In that case the evidence was reviewed and the lower court was reversed.

The Bailey case was followed in Marco v. United States, 9 Cir., 26 F.2d 315, 316, where, without a motion for a directed verdict, the evidence was reviewed and the conviction sustained, the court holding:

“The sufficiency of the testimony to support the verdict was not raised at the conclusion of all the testimony in the court below, and for that reason the question is not properly before us for review. Under such circumstances courts will only look into the record far enough to see that there has been no miscarriage of justice, or that there is some testimony tending to support the verdict.”
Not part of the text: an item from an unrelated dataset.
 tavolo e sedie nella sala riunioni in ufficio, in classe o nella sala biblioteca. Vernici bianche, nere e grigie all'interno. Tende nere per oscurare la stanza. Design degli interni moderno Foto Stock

The court in the first case was constituted of Judges Gilbert, Hunt and Rudkin; in the second case of Judges Gilbert, Rudkin and Dietrich.1

However, in this appeal the contention the court refuses to consider does not re*76quire a review of the evidence, for the appellee’s brief admits as to both counts on which appellant was held guilty that in the absence of the stipulation there was no proof of the necessary fact that the shipment in interstate commerce was a food. Concerning the second count, the necessary proof of contamination of the article shipped in interstate commerce does not appear other than in the stipulation. Appellant therefore is refused the consideration of what is purely a question of law which, if he be correct, has been decided below in a manner to constitute what this court has repeatedly described as “a miscarriage of justice,” which it is our duty to consider.
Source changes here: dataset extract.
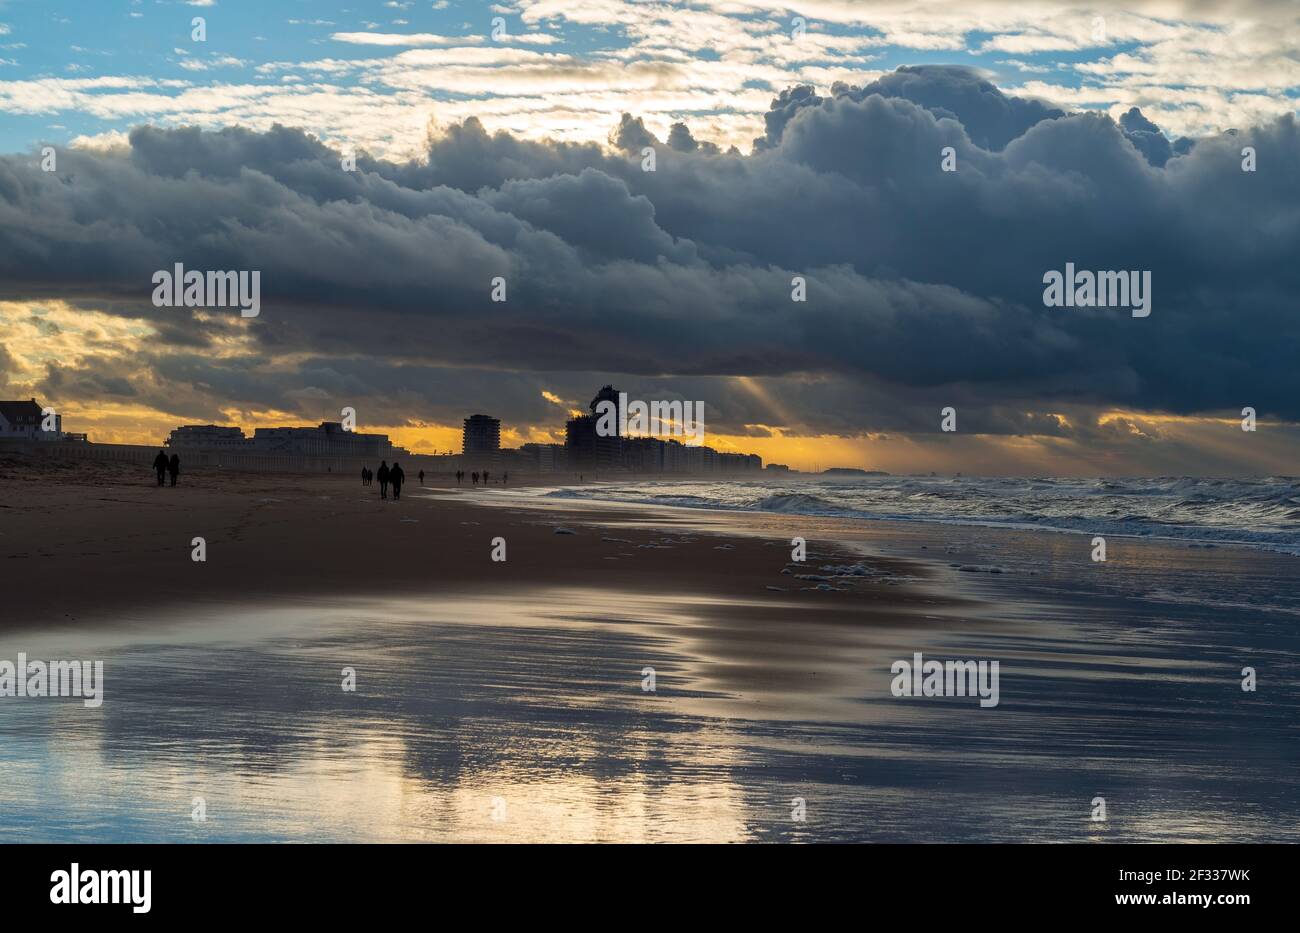 Oostende (Ostende) plage avec temps de tempête et silhouette de gens marchant au bord de la mer du Nord, Belgique. Banque D'Images

The position of appellant, in effect, is as follows: If appellant, after information filed but before trial, had met the United States Attorney and given him a signed confession that his interstate shipments were foods and were contaminated and later at the trial the United States Attorney had offered the confession in evidence, no crime was proved and no conviction could be had unless independent proof was made of the food nature of the shipment and its contamination. Gordnier v. United States, 9 Cir., 261 F. 910, 911; Ryan v. United States, 8 Cir., 99 F.2d 864; Gulotta v. United States, 8 Cir., 113 F.2d 683; Anderson v. United States, 6 Cir., 124 F.2d 58. Hence, appellant’s contention continues, the written confession of his agent, his counsel, contained in the stipulation, can have no higher value than the written confession of the agent’s-principal, the appellant.

Appellee nowhere meets this contention with any case in which the question of the necessity of proof of the corpus delicti is raised. Appellee has cited no criminal case and our search has revealed none in which the effect of stipulations made before trial has been considered. It seems a question of novel import.
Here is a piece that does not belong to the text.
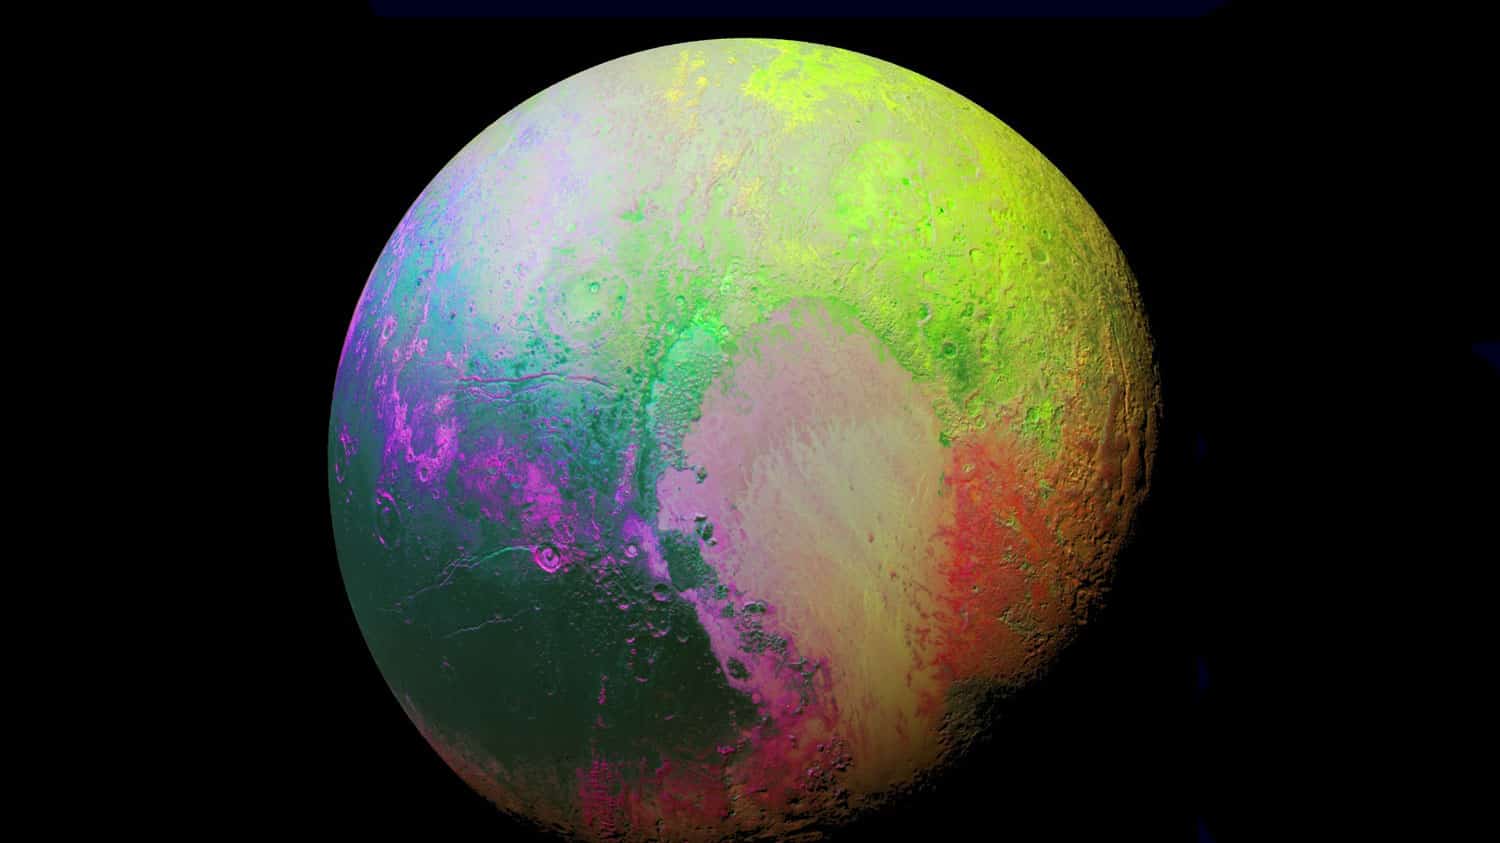 NASA compartilha imagem colorida traduzida de Plutão

In my opinion, such a stipulation, though in effect it be a confession, is not an extrajudicial apt. The attorney for appellant’s litigation is not a mere agent when he enters into a stipulation with the government’s attorney. The attorneys of both parties are officers of the court and, since the making of the stipulation in existing litigation is within the functions of the appellant’s attorney’s office, the confession appearing in the stipulation is an action for the court itself and in that sense a judicial act. Though, before trial, its effect is no different in establishing the fact than such a stipulation made in the course of the trial, or, if the defendant took the stand, his statement there that the shipment was a food.

The judgment should have been affirmed on the grounds here stated.

Since the instant ease was decided, the principle of the Bailey and Marco cases has been reaffirmed in Giles v. United States, 9 Cir., 144 F.2d 800. The court, constituted of Judges Denman, Stephens and Ilealy, considered an assigned error, though no objection was made or exception taken, “far enough to see that there has been no miscarriage of justice.”